コイツはAA、と言うらしく俺は頭の中で何度もそれを反芻した。
"A A"
綺麗な名前、字面、何度も口にしたくなる。
「恵くんってさあ、学校つまんない?」
「……別に」
「あっ!ほらまた!"別に"って!!
もっと他に思うことないの?!」
「………悪くない」
「んーーー!!!!」
お花畑に座り込んだ俺たちはシロツメクサで冠を作ったり、たまに来るちょうちょを眺めたりして時間を過ごしていた。
俺にはわからないキャラがプリントされた白のTシャツが、そのキャラがなければお花畑にぴったりだった。
なんというか………なんだっけ、津美紀が言ってたやつ──
「妖精、?」
「え?!妖精?!どこ?!」
「あ、いや、」
「あ!もしかして恵くんってアレ視える?!」
A…ちゃん、が指した先には黒い渦のようなものがあった。確か五条さんがジュレイって言ってたっけ。
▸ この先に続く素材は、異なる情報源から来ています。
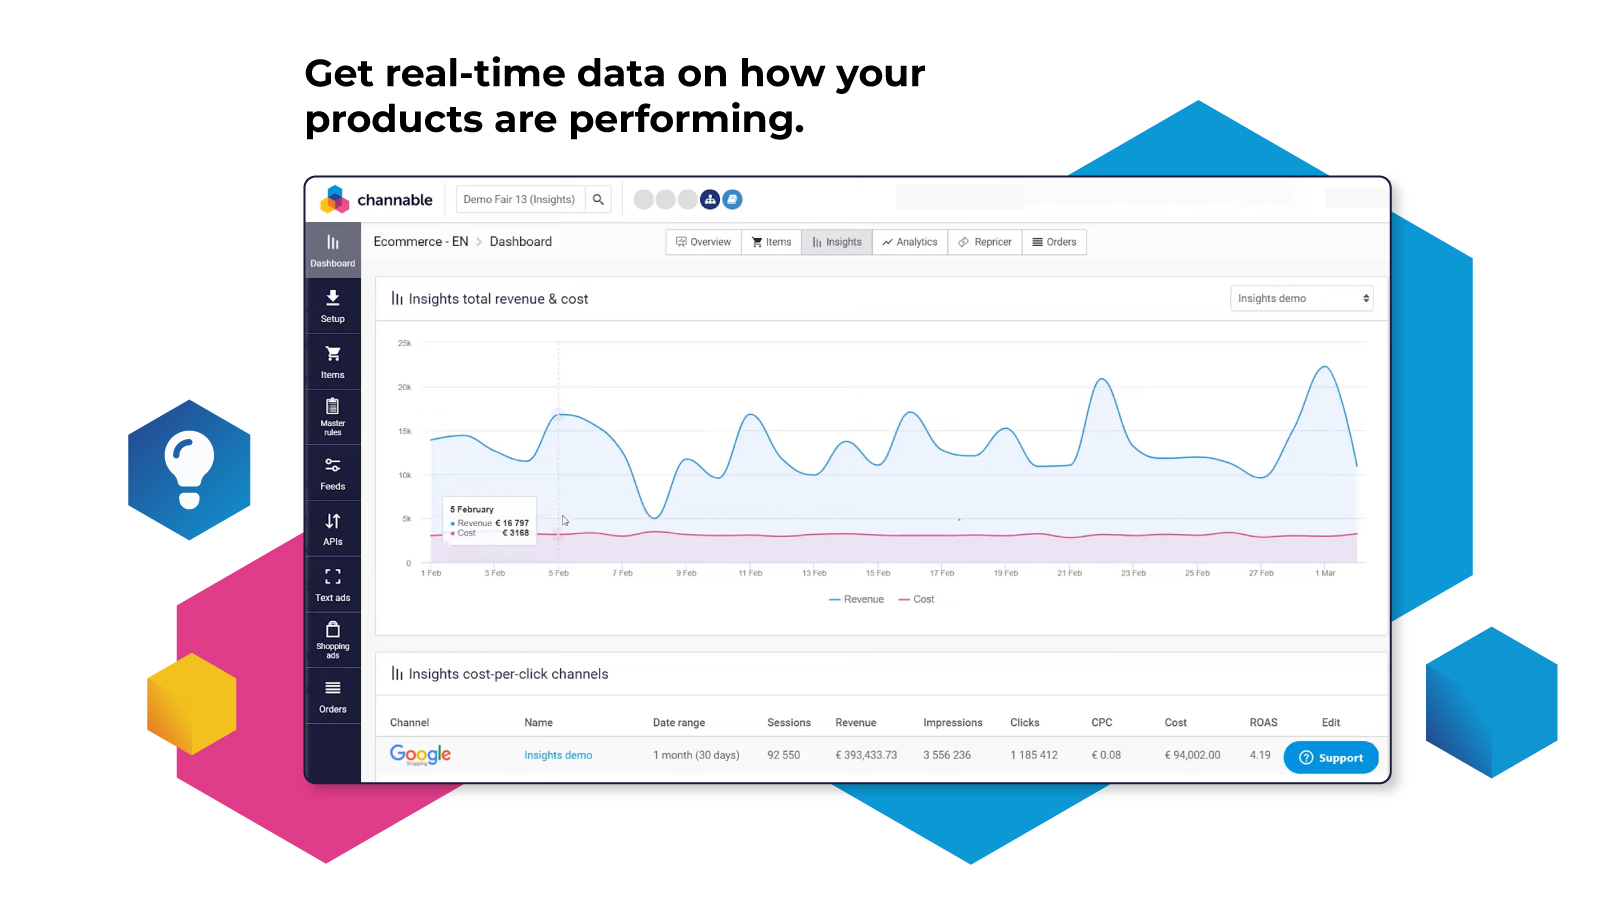 Get real-time data on how your products are performing
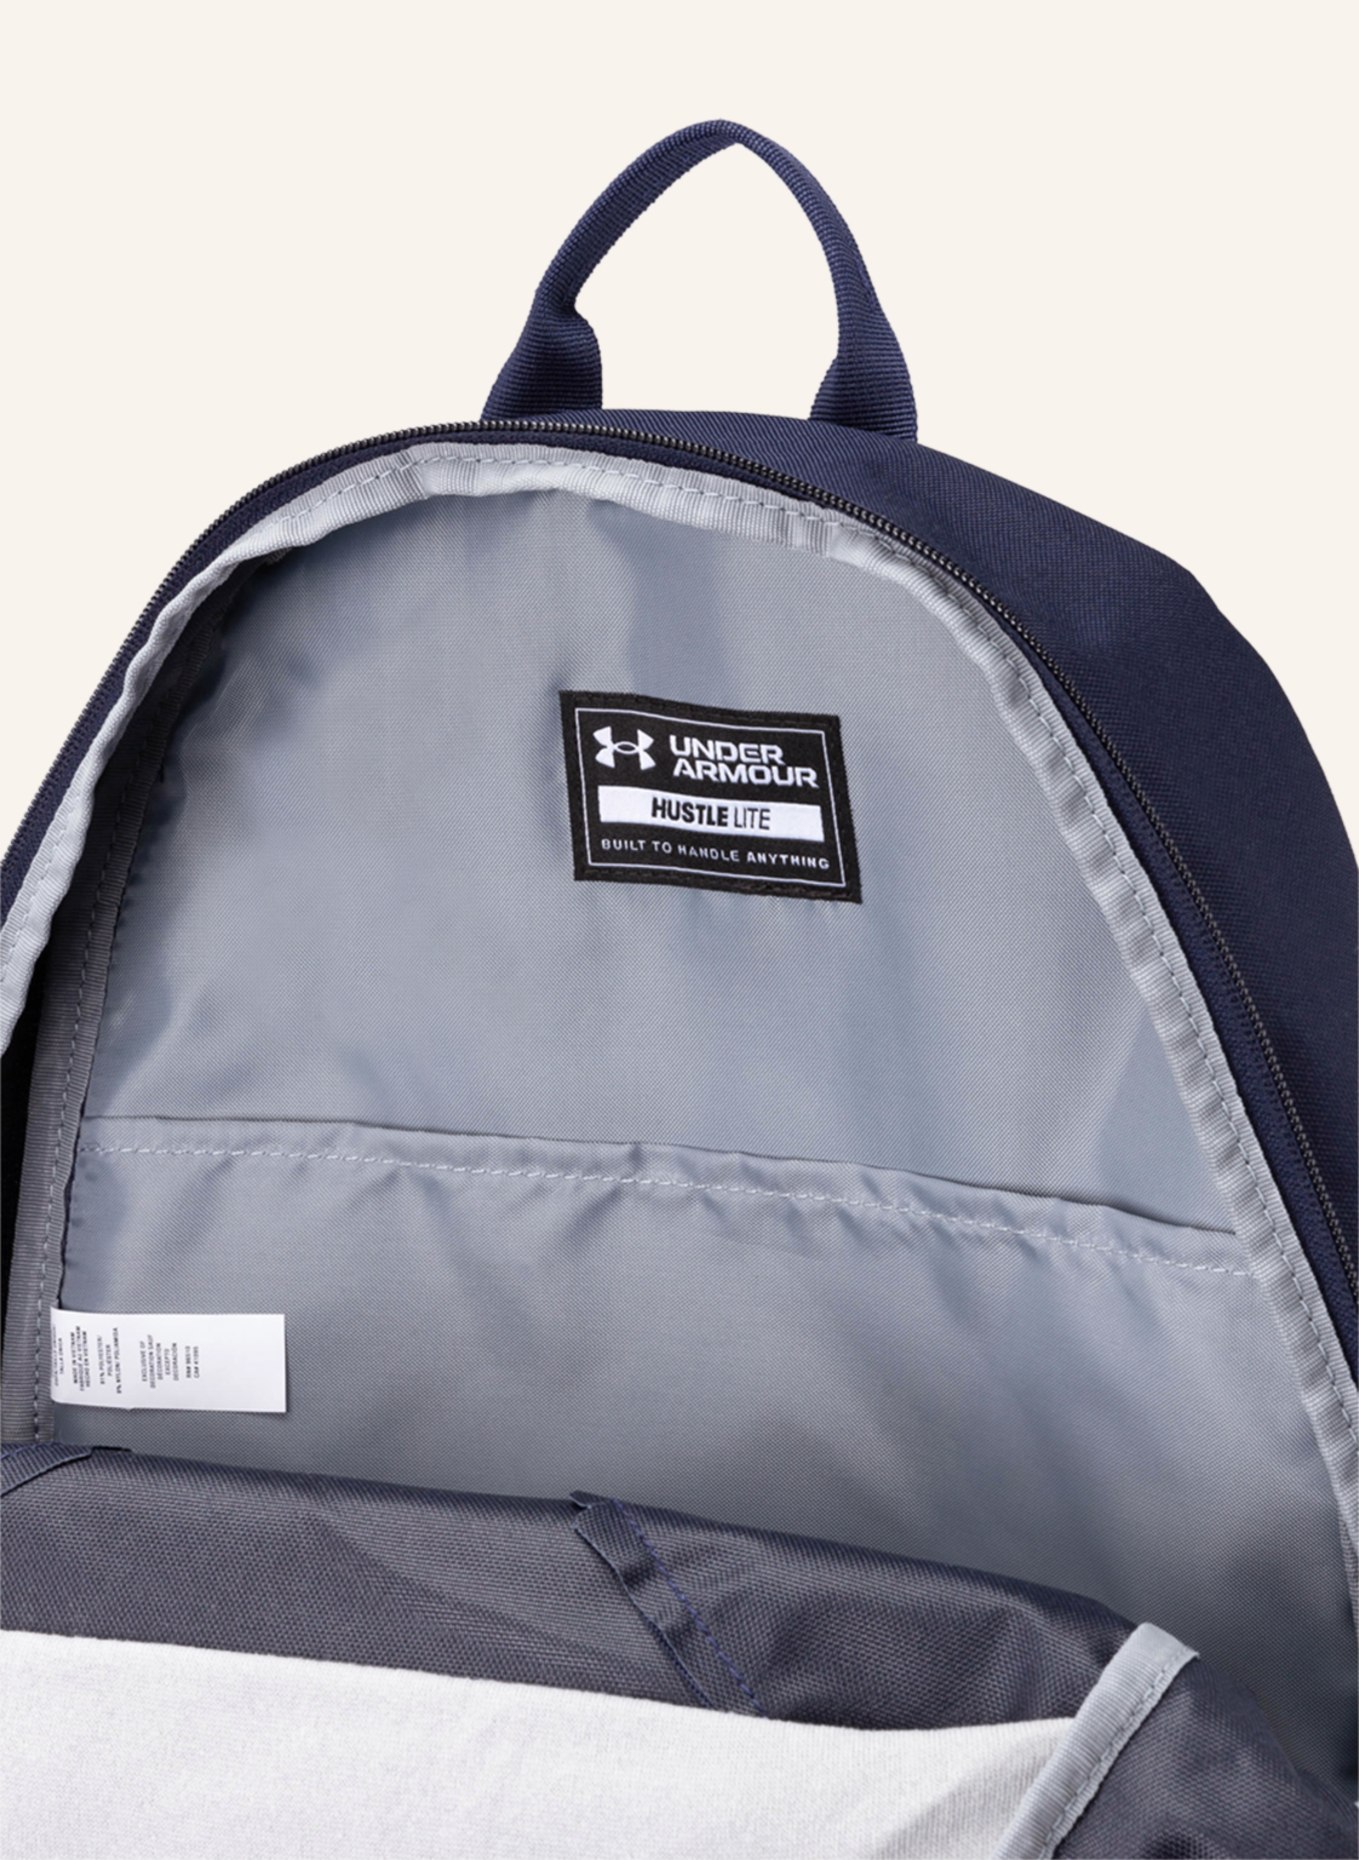 UNDER ARMOUR Backpack HUSTLE LITE with laptop compartment, Color: DARK BLUE (Image 3)

俺にしか視えず、津美紀やクラスメイトは視えていない。
Aちゃんも同じ筈なのに……もしかして視える?
「なんとなくなら……」
「うっそ!!私初めて出会った!
私たち"運命"かもね!」
「運命?」
「そ!」
津美紀が言ってた気がする。
御伽噺のお姫様と王子様は運命だと。
つまり俺が王子様でAちゃんがお姫様…いや、そんなことあるわけないか。
Aちゃんがお姫様なら尚更、俺はその隣にいるべき人間じゃない。
「また明日も此処に来ようね!」
「……気が向いたらな」
「それ一生向かないやつ!!」
ビシッと指を指されて思わず笑みが溢れた。
するとAちゃんは目を丸くし、恵くんって笑えるんだね!と中々傷つつくことを言ってのけた。俺だって笑う時はある。……多分。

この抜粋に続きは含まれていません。